Every prior chapter has shown a piece of the practice. This chapter shows them composed. You'll walk through a full feature, from "we want this" to "it's shipped," with an agent in the loop the whole way. Specs, design, build, tests, review, deploy, observe. The point isn't the feature — it's the rhythm and the decisions made at each stage. By the end you should be able to picture yourself in the same workflow on your own work next week, and you should have a realistic sense of where the wins are and what they cost.
This is the longest chapter in the series. Take it slowly. The decisions in each stage build on the ones before.
We're building "Scheduled Exports" for a hypothetical SaaS analytics product. Customers can already run one-off CSV exports of their reports. The new feature lets them schedule exports — daily, weekly, monthly — delivered to email or an S3 bucket. The feature touches the database, the UI, background jobs, email, and external integrations. Not toy-sized; not enterprise-epic-sized. The kind of feature most teams ship in a sprint or two.
We'll follow it through ten stages. Each stage maps to one or two prior chapters; the cross-references are explicit so you can jump back if a step is unclear.
The PM brings a one-paragraph product spec. Following Ch. 02, we don't hand it to the agent as-is. We rewrite it into the five-section format, with the agent helping draft the executable parts.
The behavior section ends up listing: where the action appears in the UI, who sees it (Pro tier only), the schedule options (daily/weekly/monthly), the two destination types (email and S3), what happens with the customer's time zone, and the catch-up behavior when the system was down through a scheduled run.
The acceptance criteria are concrete and measurable: a daily schedule fires within its window for a typical user, large exports use the existing async pathway, deletion is reflected in the UI within five seconds, S3 delivery is exercised end-to-end against localstack, p95 latency under 60 seconds for email and 5 minutes for S3, free-tier users see no UI for this feature.
The out-of-scope section ends up being the longest part of the conversation — and the most valuable.
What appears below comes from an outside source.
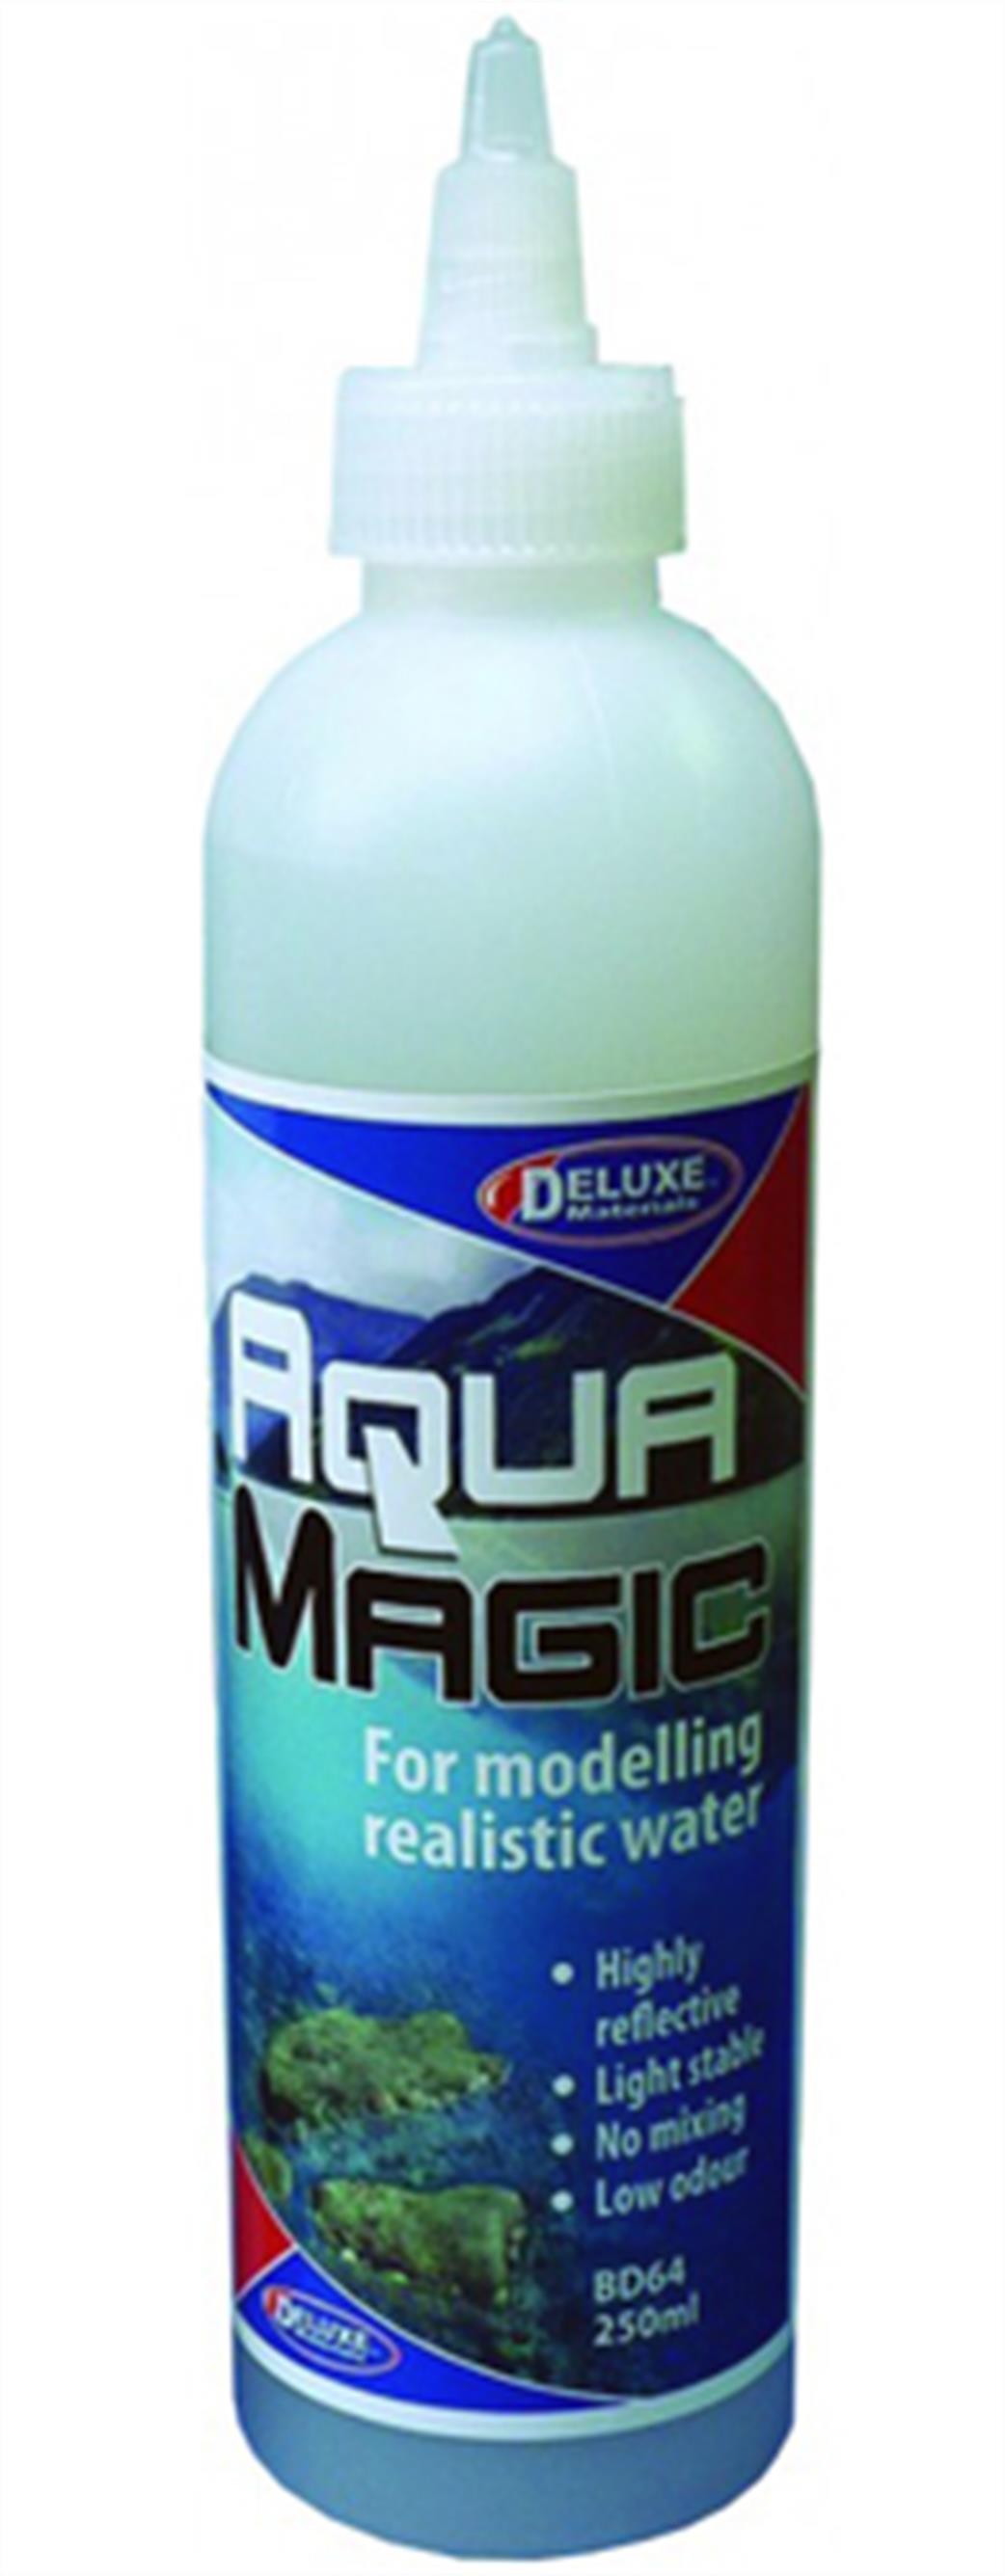 Deluxe Materials BD64 Aqua Magic 250ml for modelling Realistic Water

We explicitly exclude Excel format, custom column selection, multiple destinations per schedule, sub-daily schedules, and compression. Each exclusion forecloses a class of agent drift later. This is where 80% of the spec's value comes from.
Pointers list the relevant existing modules: the one-off CSV export, the inngest pattern from a similar scheduled job, the S3 integration with its assume-role auth pattern, and the schedule-picker component already in use elsewhere.
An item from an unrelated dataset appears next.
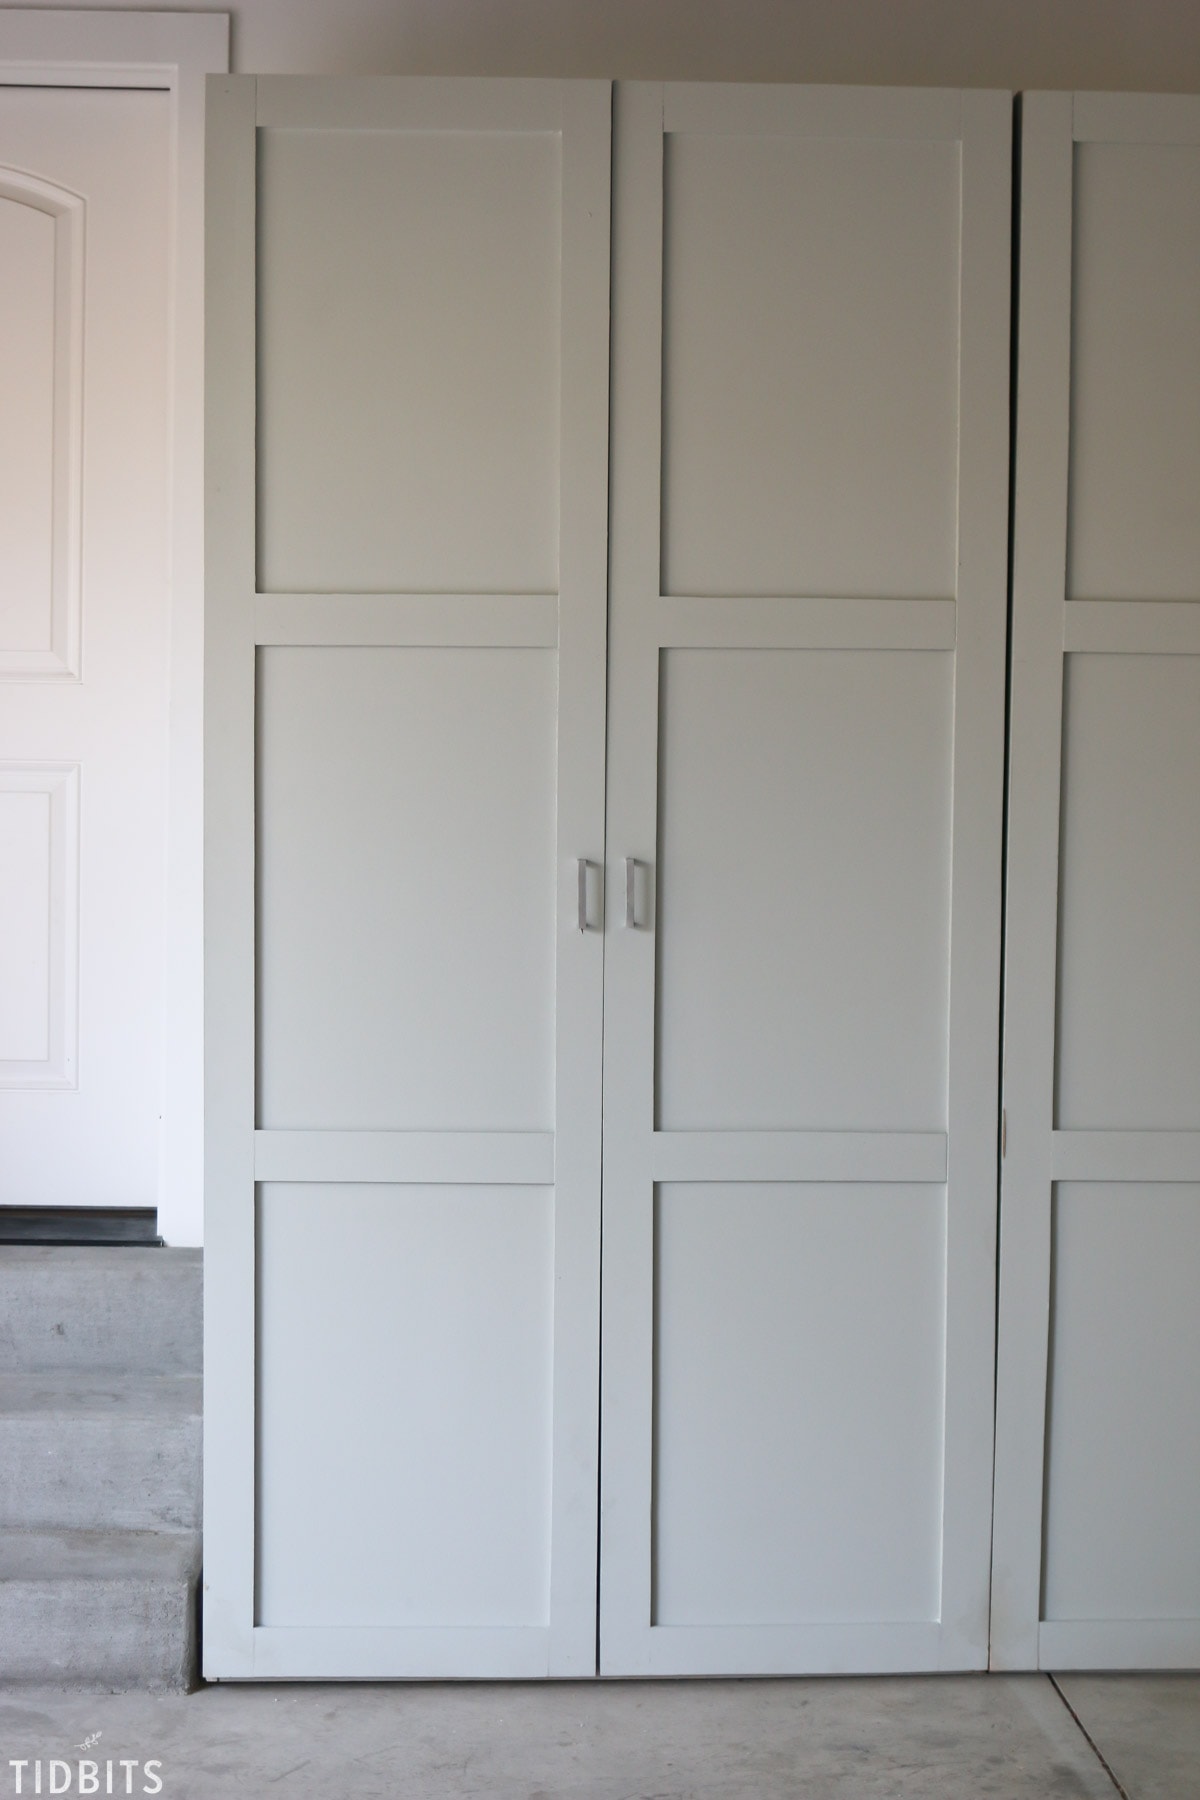 Garage Storage Cabinets Free Building, Storage Unit For Garage With Doors

Time spent: forty minutes, of which fifteen were the PM and engineer agreeing on out-of-scope. The agent drafted behavior and acceptance criteria; the human wrote context and out-of-scope; the pointer section came from a quick agent scout pass.
Following Ch. 09's scout pattern. Before writing any code, we send an investigator agent to map what's already there. The scout reads the one-off export module, the inngest patterns, the S3 integration, and the schedule-component pattern, then reports.
The scout's findings shape the rest of the work: the CSV generator is reusable as-is; the existing inngest "cron trigger" feature can replace the custom scheduler the design instinctively reached for; the schedule-picker is reusable. New work is limited to a persistent table, a worker function, the email/S3 dispatch logic, and the missed-run catch-up logic.
Critically, the scout surfaces a question the spec missed: the existing one-off export emails from a generic "noreply" address. Scheduled exports could use the same — or use a per-customer "from" address, which opens a separate design conversation. We add a one-line decision to the spec ("same noreply for v1") rather than letting the agent choose by default.
Total time on the scout: twenty minutes of agent work, ten minutes of human review. The investment buys us a much sharper plan in the next stage.
We use the dual-prompt pattern from Ch. 09. One agent proposes an architecture; another critiques it; the human picks.
The proposer's draft has three components: a new scheduled_exports table, an inngest cron function that polls it, and a worker function that runs the export and dispatches to email or S3.
The critic finds three weaknesses. The most important: the proposed approach has the cron function dispatching exports synchronously, meaning a slow run blocks the cron function. The critic proposes decoupling — cron emits "export due" events; a separate worker consumes them. Matches the existing inngest pattern; cleaner separation.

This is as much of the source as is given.